Utilisez-vous Facebook et avez-vous installé une extension sur votre navigateur ? Faites attention si vous avez installé l’extension Chrome dont on parle dans ce billet, car vous pourriez subir une exfiltration de données car elle donne à un serveur tiers l’accès aux données des utilisateurs.

Le token, désigné par le chercheur en cybersécurité Zach Edwards comme « God Mode », est exposé en clair dans les API du service, qui sont souvent utilisées pour l’intégration d’automatisations, de modules, de plugins, etc… En 2018, il y avait déjà des problèmes avec ce token, puisque 50 millions de comptes Facebook ont été supprimés en raison d’une « exposition du token ».

Francois Marier, ingénieur en sécurité chez Brave, a publié sur Github Issues qu’il a découvert que l’extension Chrome L.O.C. expose les données des réseaux sociaux à un éventuel vol. Si un utilisateur a installé cette extension sur son navigateur et qu’il est connecté à Facebook, l’application donne accès à certaines données de l’utilisateur à un serveur tiers.

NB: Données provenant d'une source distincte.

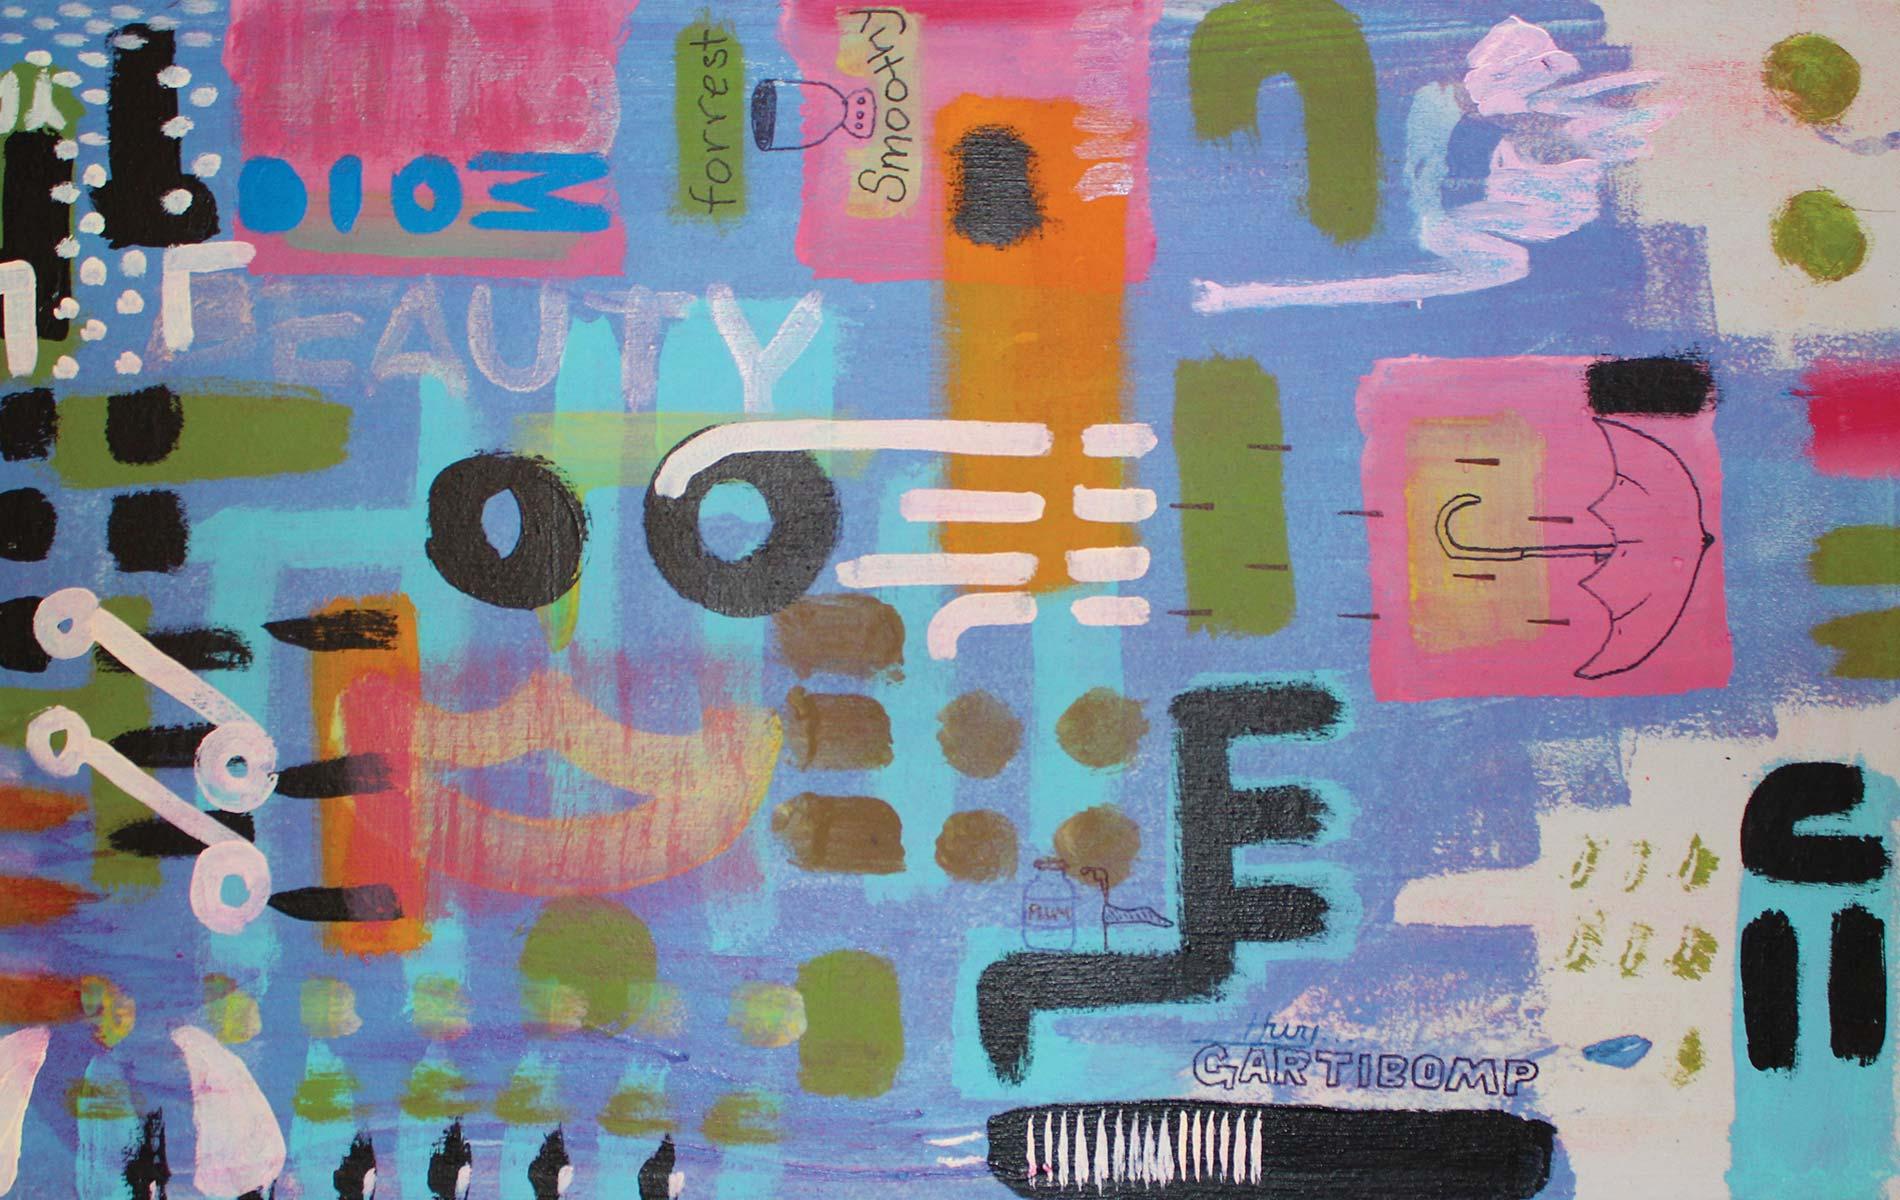 vie-magazine-art-walk-la-2012-feature
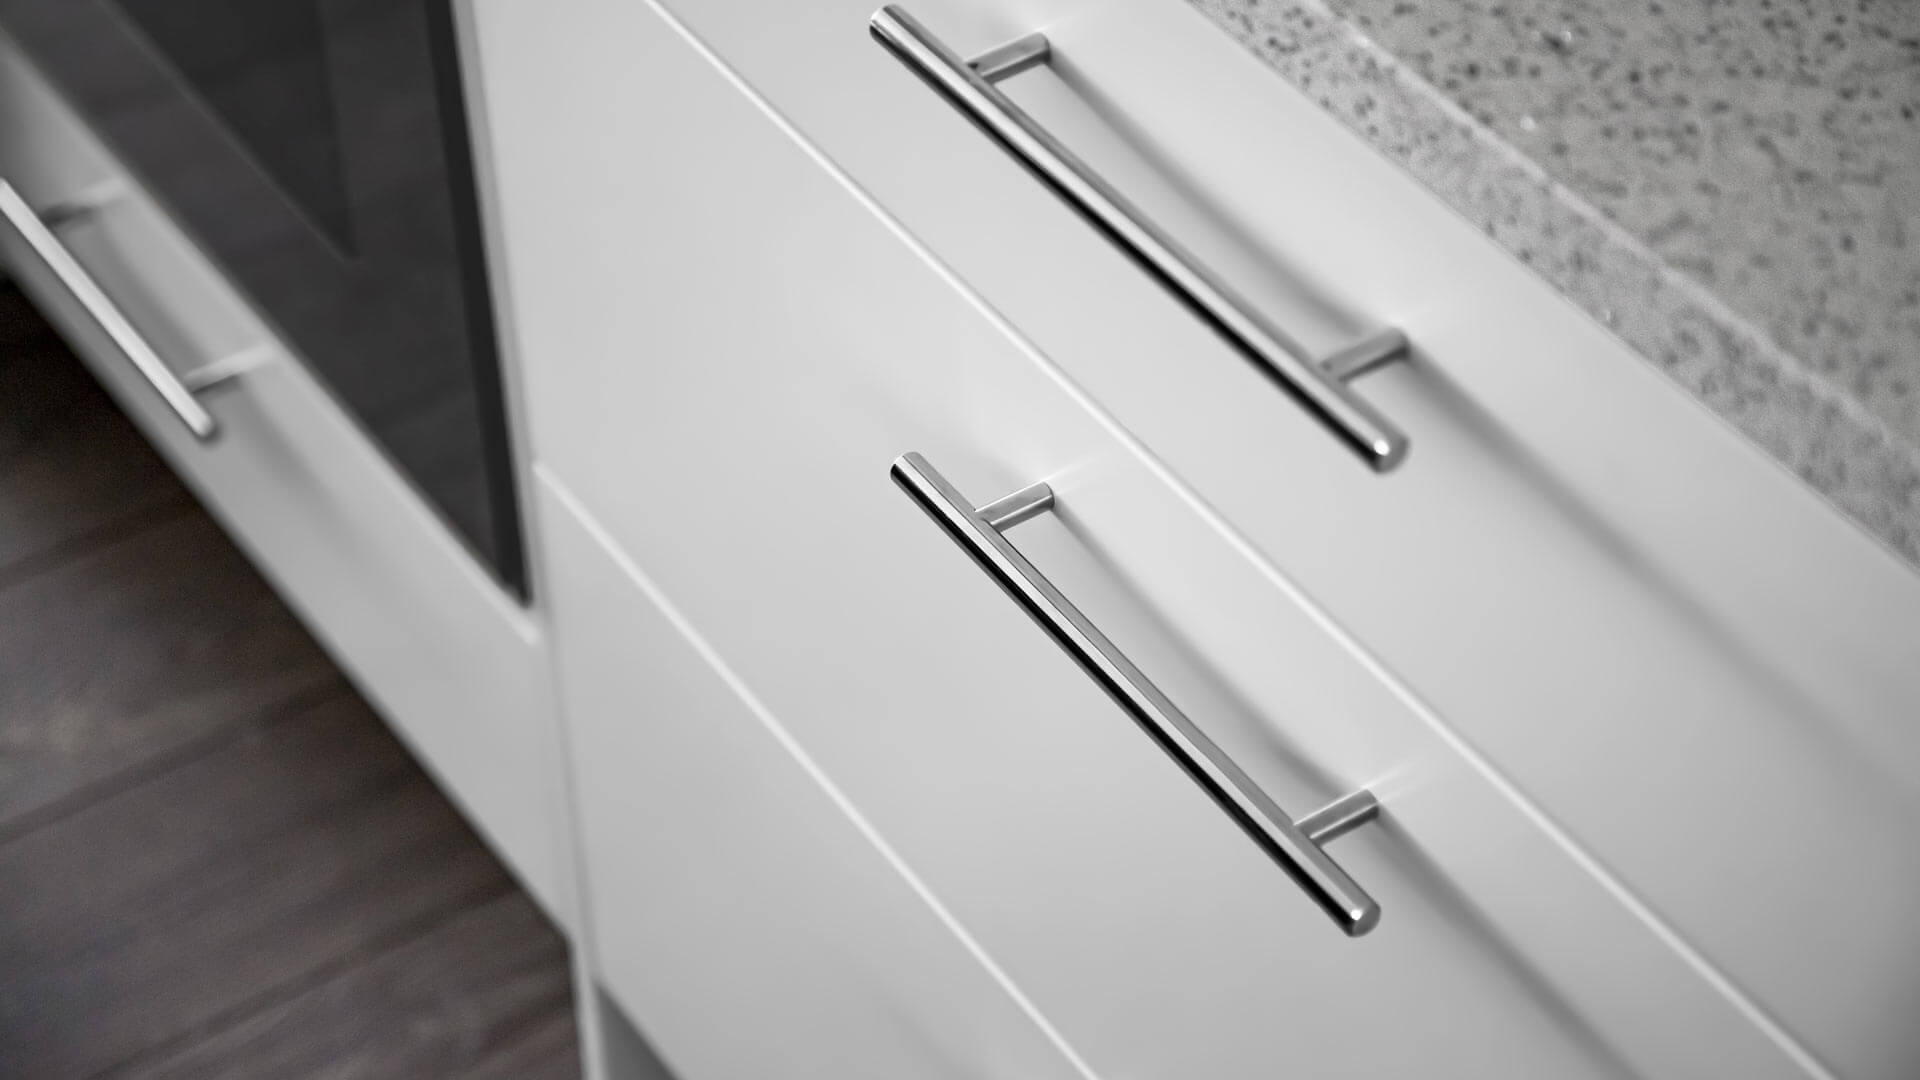 custom white kitchen cabinets wrap kitchen perimeter - Lakeside Modern Cottage (H-LODGE) - Unionville, Indiana, Lake Lemon

Malgré les déclarations de Loc Mai, le créateur de l’application L.O.C., selon lesquelles, comme indiqué dans la politique de confidentialité de son application, celle-ci ne collecte pas d’informations sur les utilisateurs. L’application stocke le jeton localement. Ce dernier point permet à un développeur malveillant de l’utiliser pour obtenir les données des utilisateurs. Par exemple, l’API graphique de Facebook a besoin de ce jeton d’accès pour fonctionner. Cette API est l’un des principaux outils permettant aux applications d’effectuer des tâches de lecture et d’écriture sur le graphe social de Facebook, selon sa documentation.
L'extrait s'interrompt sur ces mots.